Il sole cominciava a tramontare. Con l’arrivo della trivella arrivarono anche i soliti, maledetti giornalisti a mettere i bastoni tra le ruote alle operazioni di soccorso. Perlomeno, insieme alle telecamere e ai microfoni, la stampa, portò anche una gran quantità di riflettori e fari alogeni che furono sfruttati per illuminare il pozzo come non lo sarebbe stato nemmeno in pieno giorno.

«Ehi piccola, Sei ancora laggiù?»

«Si John! Sono qui, perché non mi venite a prendere? Dove sono mamma e papà?» Ora John riusciva a vedere la testa della piccola Siria illuminata da un riflettore da quattrocento watt.

«La polizia sta cercando i tuoi genitori dappertutto, ora ti spiego cosa faremo…» Disse John parlando a quel mucchietto di capelli sporchi di fango incastrati in fondo al pozzo profondissimo.

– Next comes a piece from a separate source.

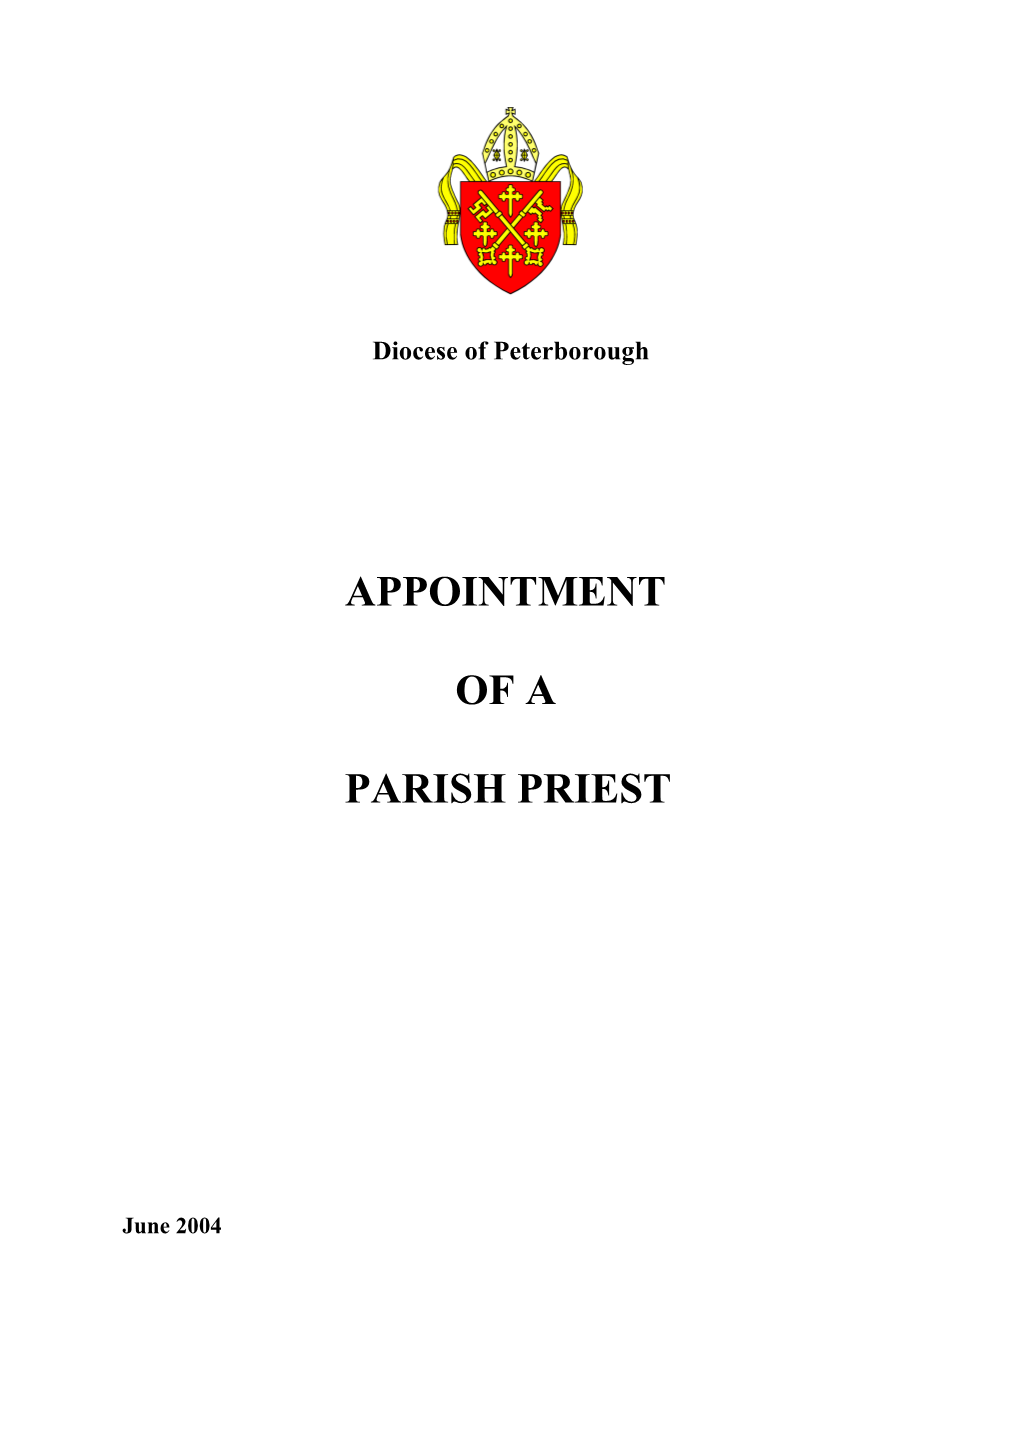 Appointment of a Priest in Charge

«Ora sentirai un po’ di rumore vicino a te, faremo un buco qui accanto, un buco abbastanza grande da permettermi di entrarci dentro, poi scaverò con le mie mani un piccolo tunnel proprio vicino a te e ti tirerò fuori di lì, hai capito bene Siria?» A dirla così, la cosa sembrava una passeggiata, in realtà era un azzardo, poteva andare storto qualsiasi cosa.

«Ho capito John, farete un altro buco vicino a questo e poi mi tirerete su da quell’altro buco, giusto?»

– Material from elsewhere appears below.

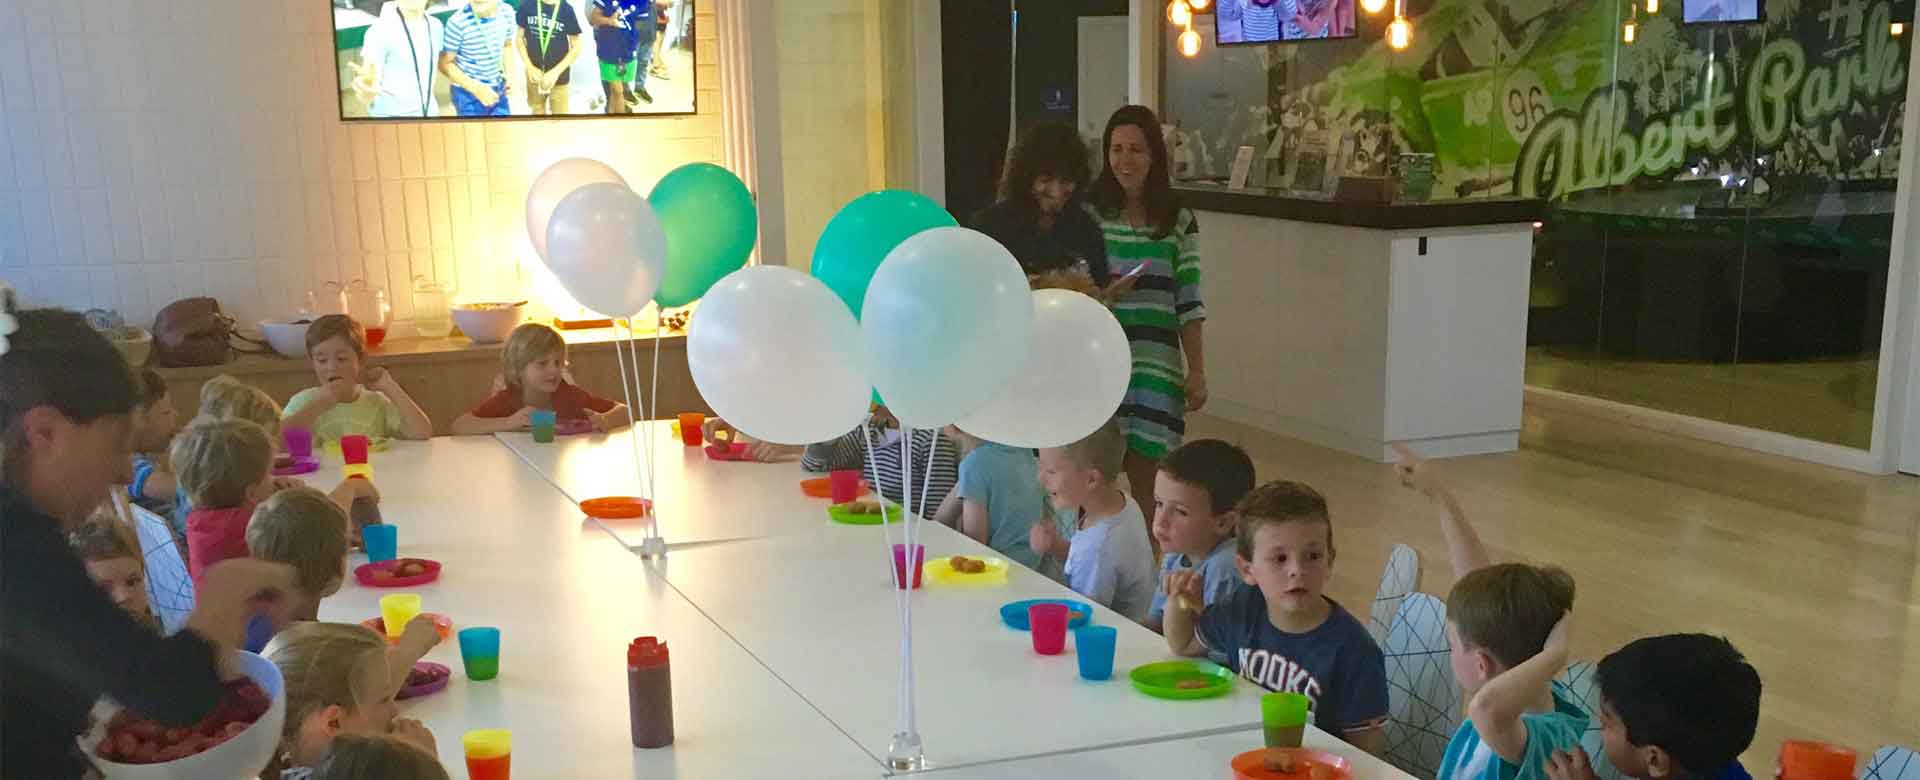  We take the hassle out of children's parties   Book Now

«Ehi, sei sveglia! Brava piccola, tu non devi fare altro che aspettare e cercare di stare tranquilla.»

John temeva che trivellare il terreno lì accanto avrebbe potuto far crollare il pozzo di Siria, sapeva che se non avessero fatto in tempo, la bambina sarebbe morta congelata, sapeva che Siria sarebbe potuta svenire o addormentarsi e probabilmente sarebbe annegata, e col frastuono della scavatrice non avrebbero mai potuto sentire i suoi lamenti. John sapeva tutto questo ma sapeva anche che era l’unica cosa rimasta da fare.

Fortunatamente la ditta di calcestruzzi che stava a pochi isolati da lì, aveva una trivella abbastanza grande e potente da fare un buco profondo venti metri in poche ore, quattrocento cavalli di potenza e una squadra di almeno venti persone per salvare quella piccola creatura. Oltre a loro, metà della città si trovava al capezzale della piccola Siria, in piedi dietro al nastro giallo messo dalla polizia, l’altra metà, stava seguendo lo svolgersi delle operazioni di soccorso alla televisione. La cronista locale, portava un vestito giallo canarino che sullo schermo sembrava fosforescente. Di fronte la telecamera infarciva la vicenda di particolari commoventi perlopiù inventati di sana pianta. In realtà non si sapeva nulla di quella povera bambina, ma la giornalista era riuscita a mettere in piedi un teatrino tanto drammatico da tenere tutta la contea attaccata allo schermo, sintonizzata sulla diretta del canale ventisei. La polizia locale invece, era più impegnata a tenere a bada la folla di curiosi che a cercare di scoprire la vera identità di Siria. In fondo non erano poliziotti tanto esperti in questo tipo di indagini, a parte qualche eccesso di velocità e qualche ubriachezza molesta, quello era un posto più che tranquillo.

«Aumentate la velocità di rotazione di quella maledetta trivella!» Urlava il corpulento direttore degli scavi. Un ispanico barbuto di mezza età grosso come tre dei suoi uomini.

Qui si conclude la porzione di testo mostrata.